Right, I get it. All of that and he’s still is two bucks shy of a cup of coffee at Wawa. But he’s also playing better basketball now than he ever has before. If he can manage to stay healthy, he can absolutely be the difference in a second-round series against the Celtics.

Keep in mind, LeBron James himself advanced beyond the second round of the playoffs only twice in his first seven seasons in the league. Steph Curry’s first trip to the conference finals did not come until he was 26 years old and in his sixth season. Embiid is 28 and in his seventh season.

Who cares about the Celtics? It’s NBA Finals or bust, right?

Well, yeah. Obviously. Kind of.

Actually, I guess it really depends on how you define the word “bust.” This could end up being the second time in the Embiid era where the Sixers are one of the top four teams in the NBA but not one of the top four teams left standing (the first: that 2018-19 team with Jimmy Butler that lost to the Raptors). It’s almost certainly the case that they will need to get past the best team in the league in order to make the NBA Finals. After the Bucks, there’s a strong argument that the Celtics and Sixers rank second and third.

Whatever the order, one thing is clear. The Sixers have a far more talented team than any they’ve fielded around Embiid since the Butler months. Harden is increasingly looking like the perfect point guard to play alongside of him. Since early December, he’s shooting .396 from three-point range while averaging 20.9 points and 11.0 assists. Along with Tyrese Maxey, De’Anthony Melton, and Tobias Harris, they have four players who are shooting 39% from three-point range on 4-plus attempts per game (five if you include Georges Niang). In Melton, P.J. Tucker, and newcomer Jalen McDaniels, they have a trio of scrappy, high-energy, hard-nosed wings that can play defense and create havoc on the court while also contributing value on the offensive end.

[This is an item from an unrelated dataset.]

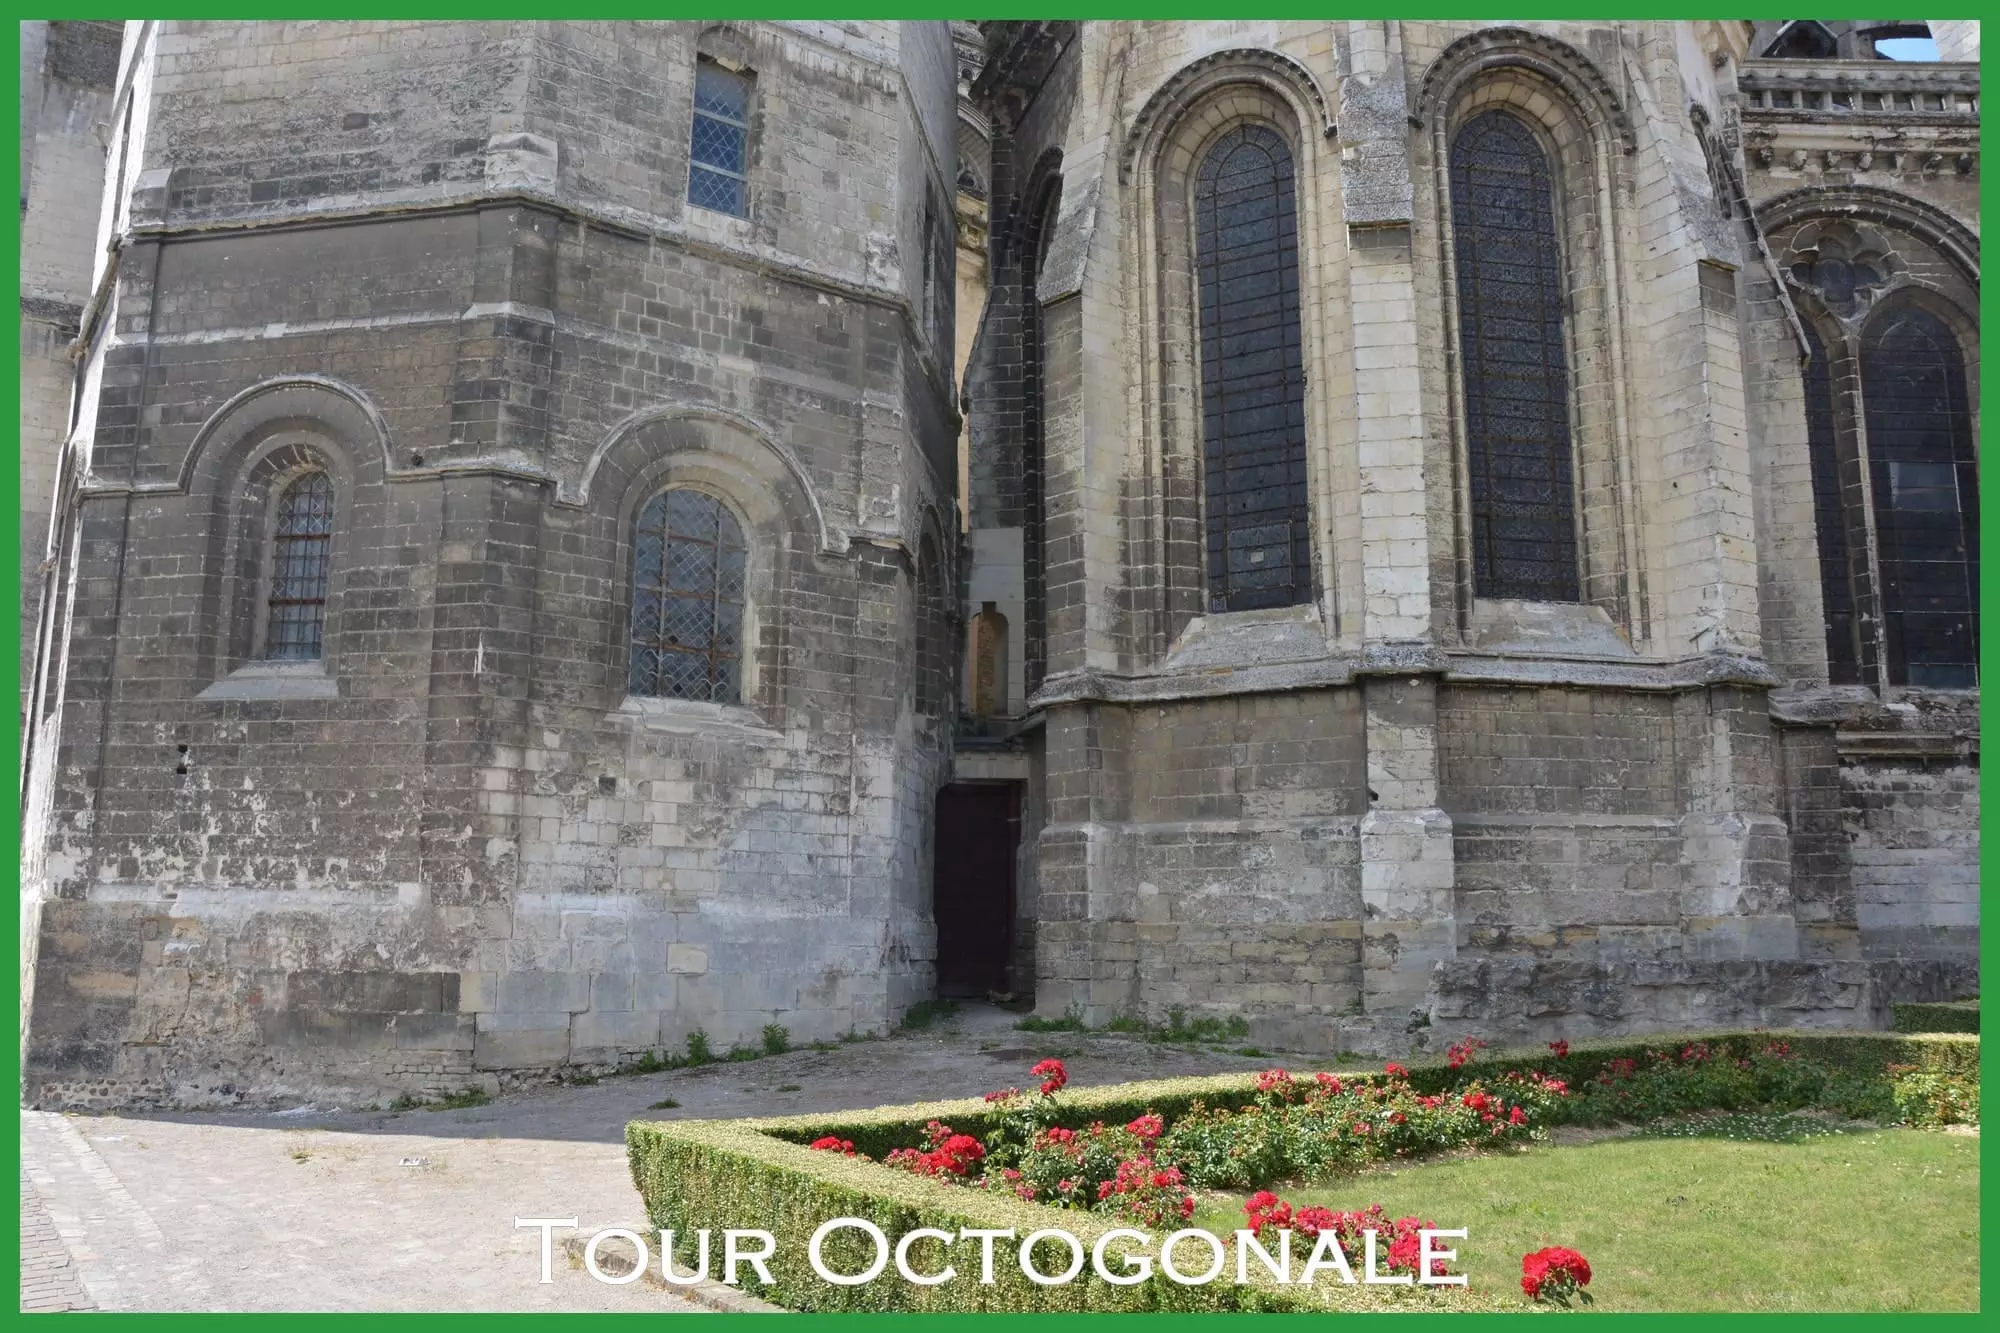 Tour Octogonale cathédrale de Saint-Omer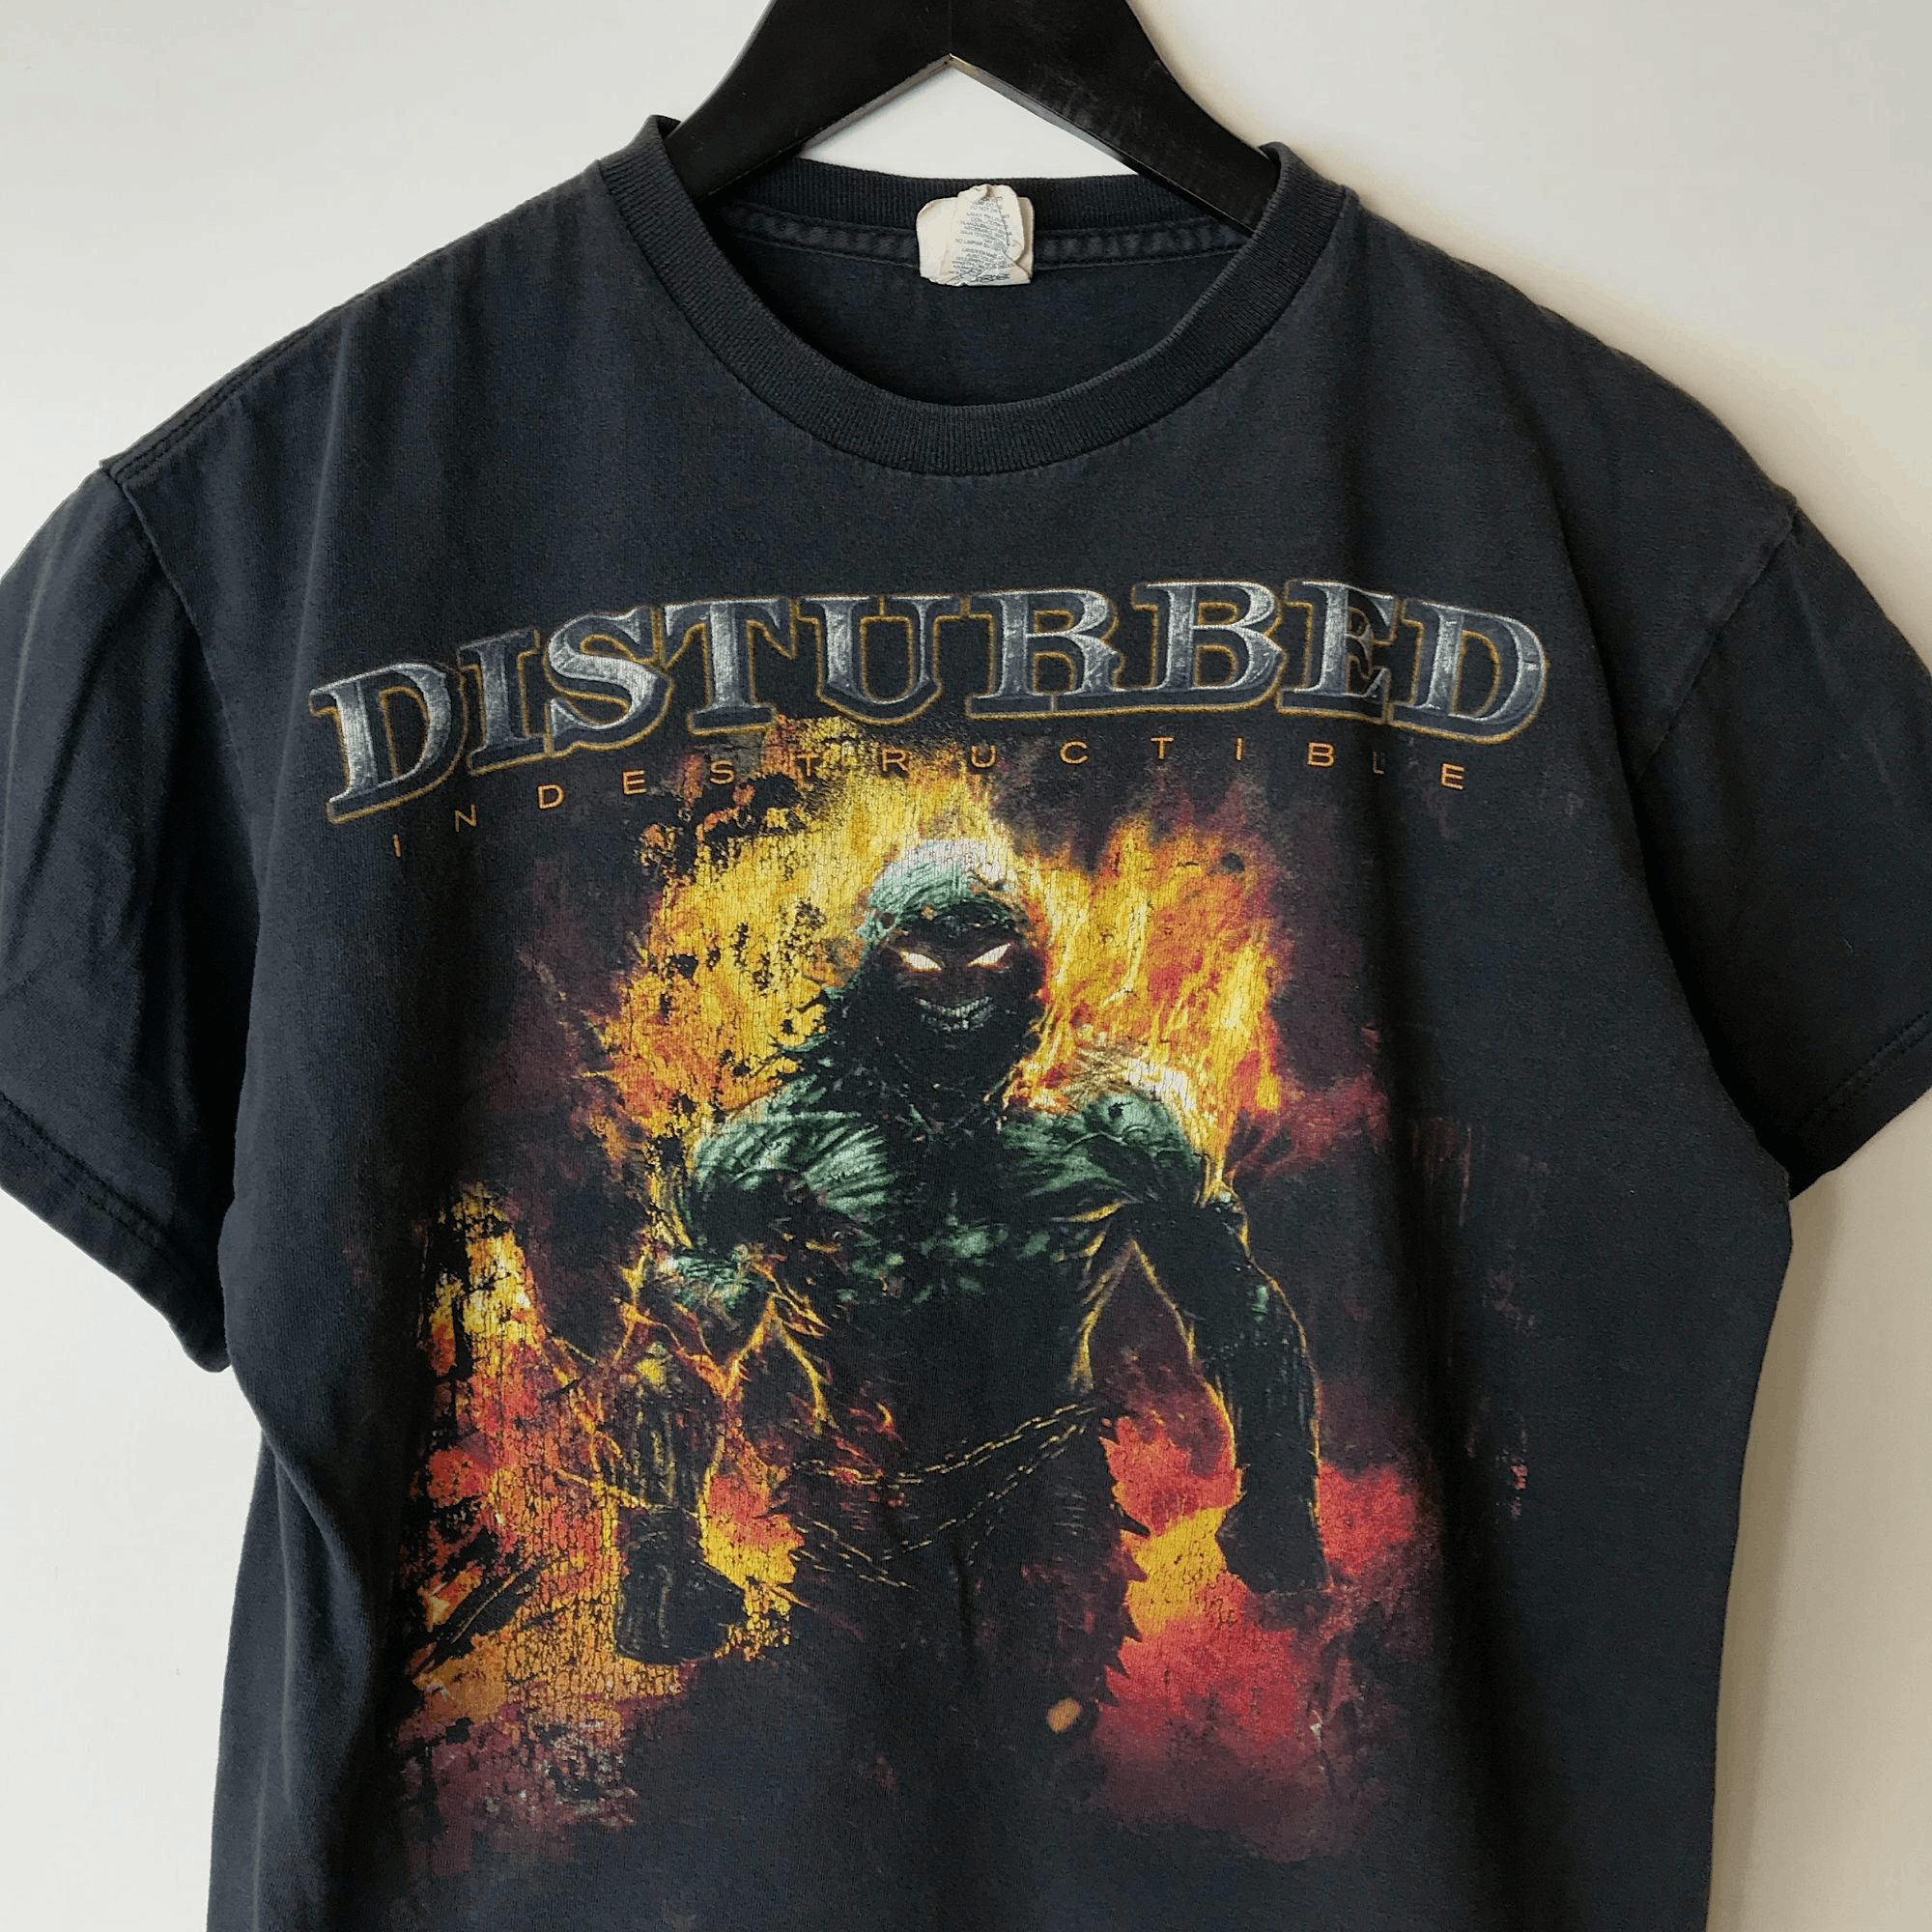 Delta 2009 Vintage Disturbed Indestructible Tour T Shirt 00s Adult Size US S / EU 44-46 / 1 - 11 Thumbnail

So yes, the NBA Finals should be the expectation. But beating Boston in the second round to get to the conference finals would be a significant accomplishment. Really, that Boston series will go a long way in telling us how to feel about this team.

So what you’re saying is. . .

Sixers breeze over the Nets, probably in five, possibly a sweep. Embiid enters the second round healthy for the first time since before the pandemic. Boston can’t find an answer for him. Sixers in six. Let’s revisit things then.